Since the dawn of the new era for the alcoholic, the A.A. movement has spread abroad with a religious fervor. Rapidly leaping across national borders, A.A. has become a worldwide movement, conservatively estimated at more than 62,000 groups, with more than 1,500,000 members in 114 countries. The program has proven equally effective among all classes, cultures, and nationalities and has been found adaptable to many religious orientations.
The principles of A.A. have proven so basic that they have been successfully applied to the treatment of obesity, narcotics addiction, mental illness, and other problems. Al-Anon and Al-Ateen are two spin-off groups – not related to A.A. organizationally – that have evolved to provide much-needed support for families of alcoholics.

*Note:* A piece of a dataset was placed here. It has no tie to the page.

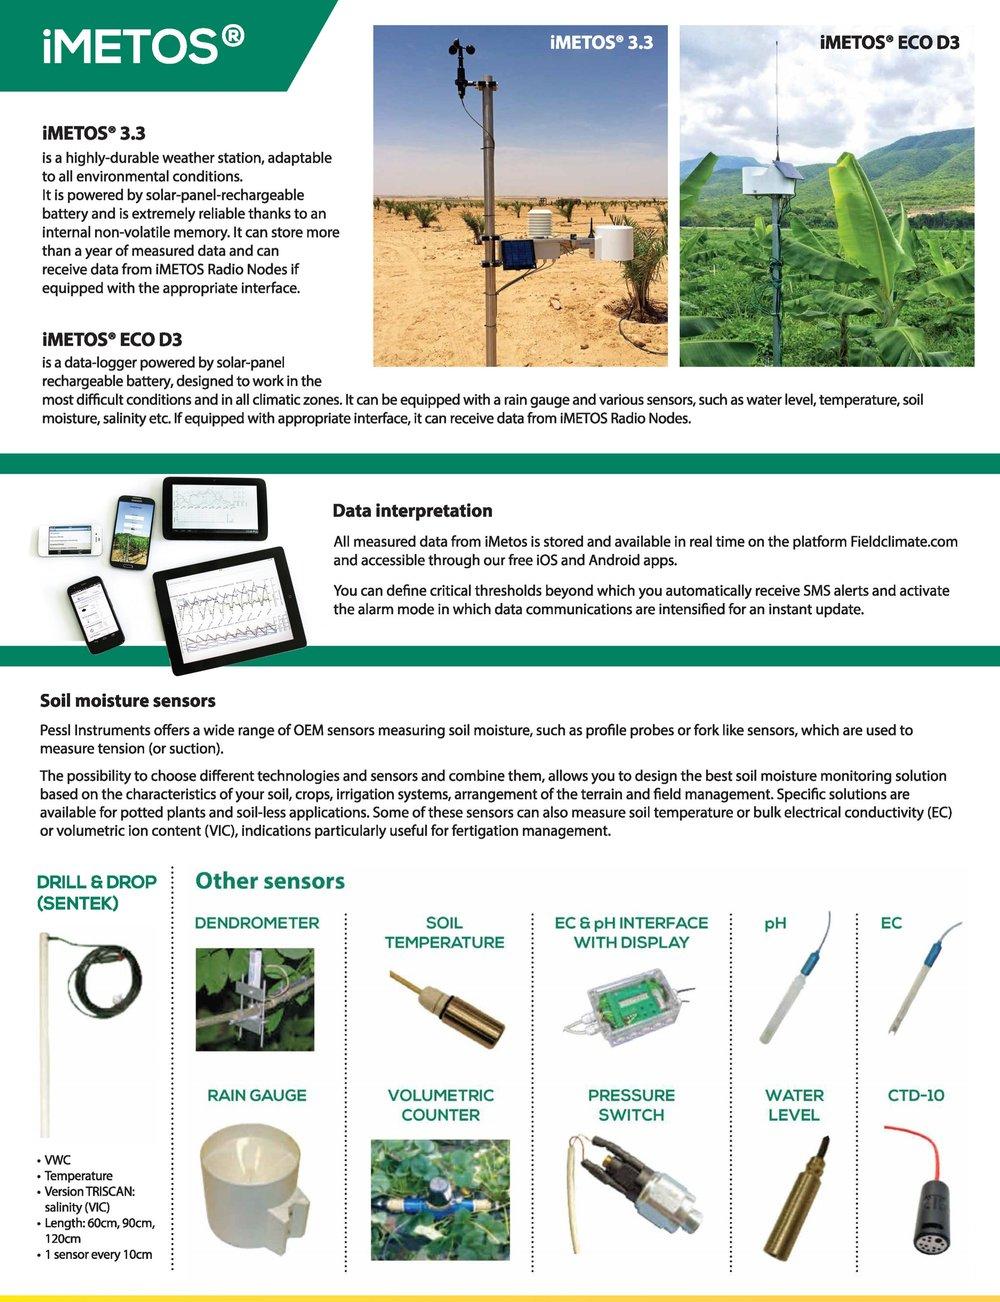 AGree iMetos brochure.jpg

The secret of A.A.’s effectiveness lies in the adherence to certain principles known as “The Twelve Steps of Recovery.” The essence of these principles is that the way of wholeness for alcoholics lies in their first confessing their powerlessness over alcohol. At the same time, they entrust themselves into the hands of God – as they understand God – a liberating phrase that helps the alcoholic move beyond theological arguments on to the more critical issue of personal faith. Finally, recovering alcoholics are enlisted in a ministry to other alcoholics.
This act of confessing and professing is not a solitary act but is made within a community of other sufferers. This community is not there to judge or condemn but to affirm and support. In fact, after years of criticism from others and intense self-loathing, the new member experiences in an A.A. meeting the total absence of judgement coupled with understanding and acceptance – as a bewildering kind of grace.

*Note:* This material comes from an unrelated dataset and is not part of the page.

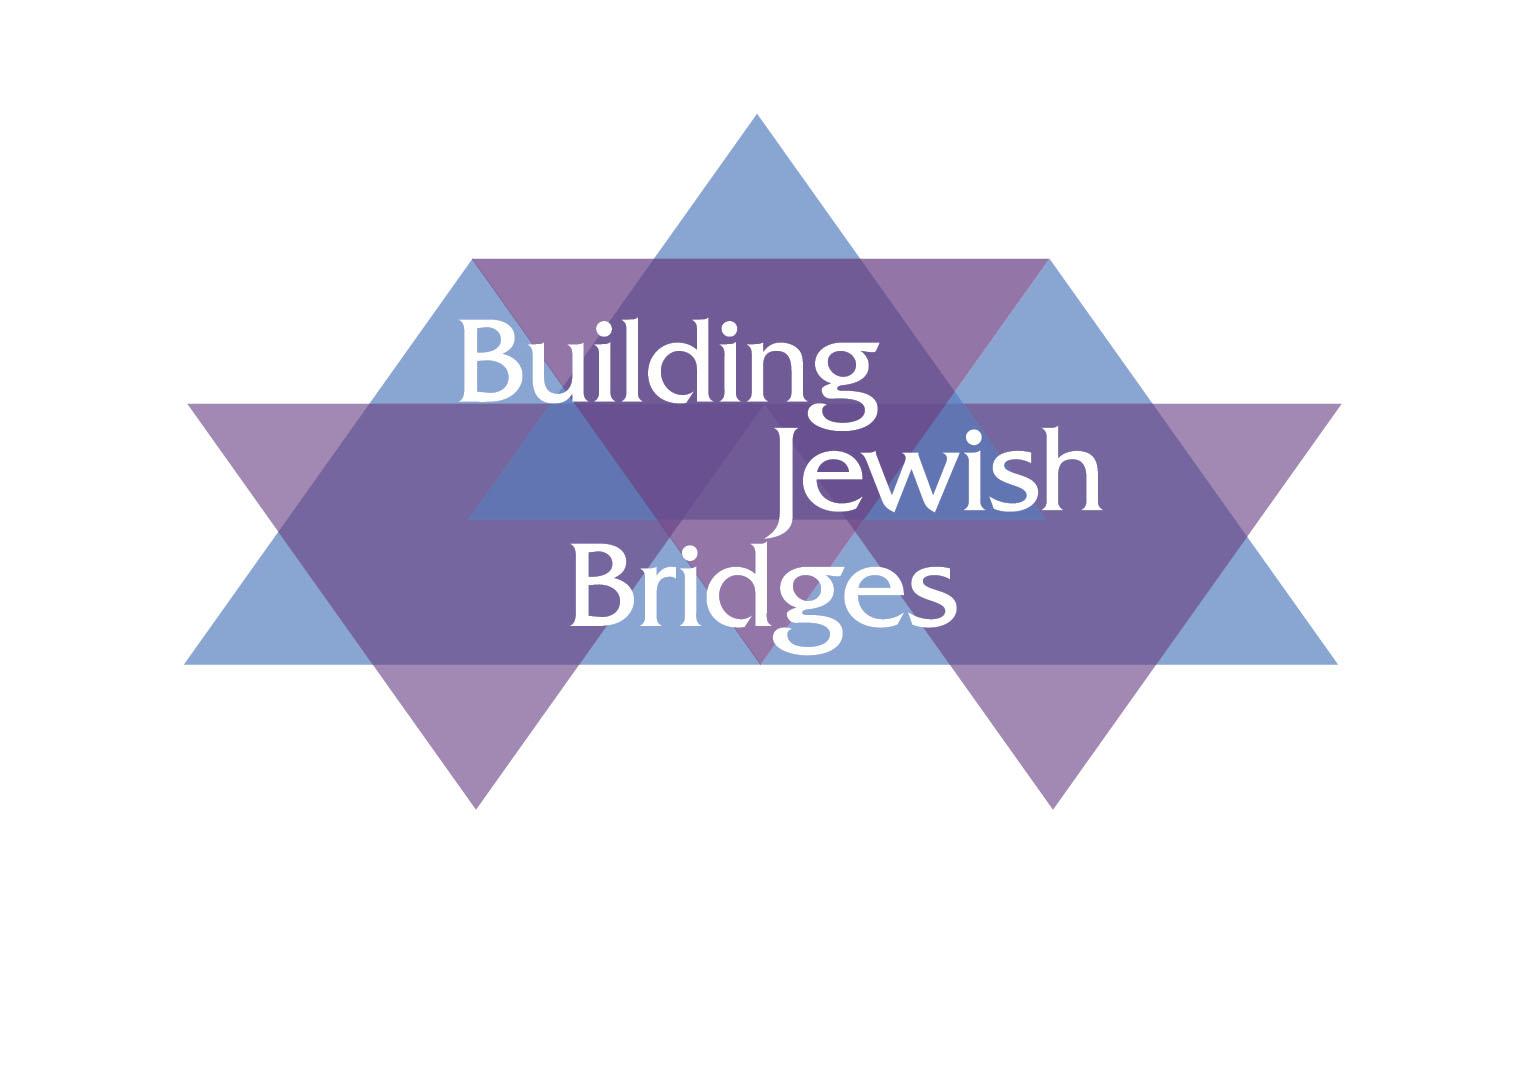 Building Jewish Bridges

A.A. is a single-issue movement: helping alcoholics stay sober. By design, the program avoids dealing with other personal problems and will not become involved in political or social controversy, even on so germane an issue as liquor control laws. The simplicity and single-minded purposefulness of A.A. has been maintained in its recovery program and is exemplified in the famous A.A. slogan “One Day at a Time” and in its organization.

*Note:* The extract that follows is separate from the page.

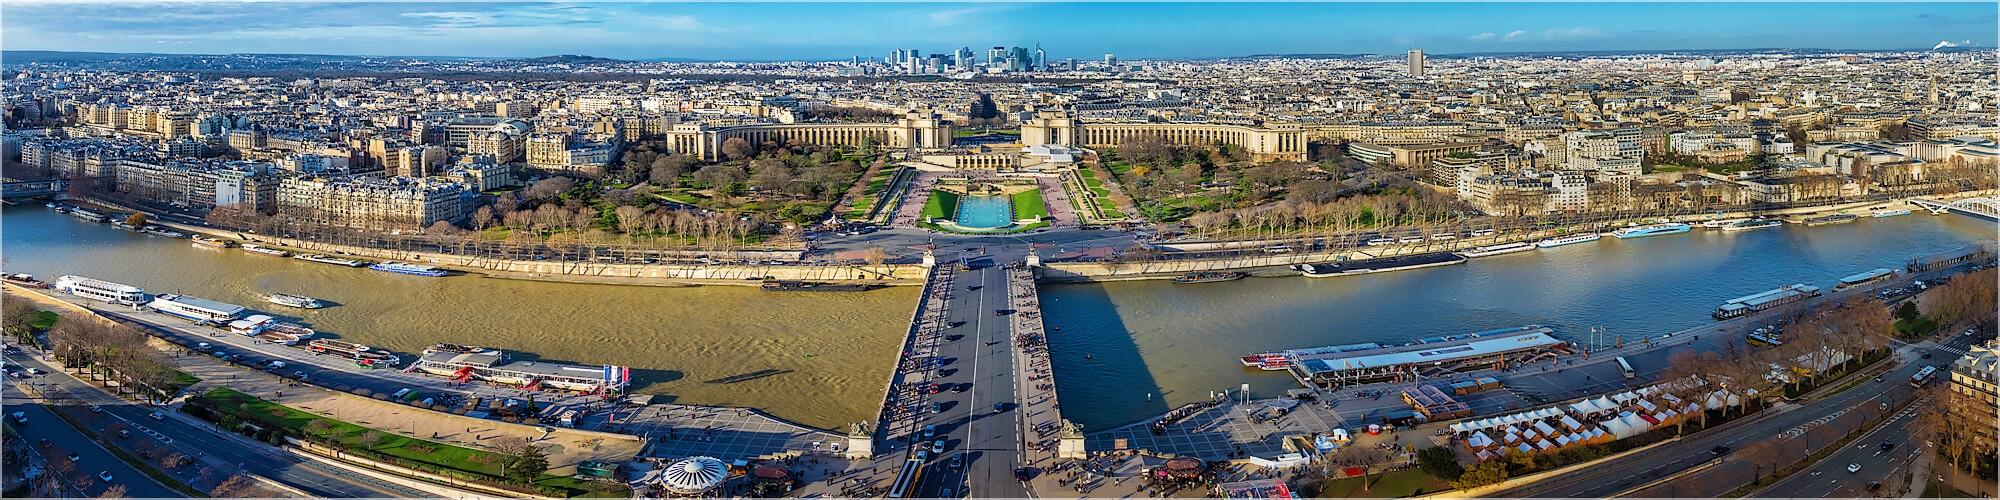 Panoramabild Paris Blick vom Eifelturm auf Trocadéro

Truly a self-help, ministry-of-the-laity program, A.A. has no bureaucracy, no hierarchy, and no professional counselors. The few committee chairs and clerical staff are regarded always as servants and not as authorities. A.A. declines all large donations – accepting only small contributions from members so as to cover operating expenses. It owns no real estate and has refused to expand into such activities as hospital care and alcohol education. Recognizing early on the potential for parlaying their success into a vast and powerful enterprise, the founders remembered their true mission, realized they had been given all they needed to accomplish it, and opted to remain faithful to a vision that had already, in essence, been fulfilled. History has vindicated the prudence of that decision.
The internal strength of A.A. is its spiritual foundation. The odyssey of the alcoholic within A.A. is a journey in faith, traversed in the company of others who are struggling, moving toward God’s promise of a new life as the replacement of the surrendered old life. Alcoholism is such an insidious, treacherous, and deadly disease that recovery from it is, for many, akin to a resurrection. It is something that cannot possibly happen, yet it does.
Not everyone who comes to A.A. experiences recovery, and those cases are the tragedies that remain shrouded in mystery. This makes any recovery an even greater mystery, a mystery of a healing grace. And A.A. has been a significant instrument of this healing.
So in 1985, A.A.’s 50th year, we salute this remarkable movement and praise God for such an amazing and healing grace.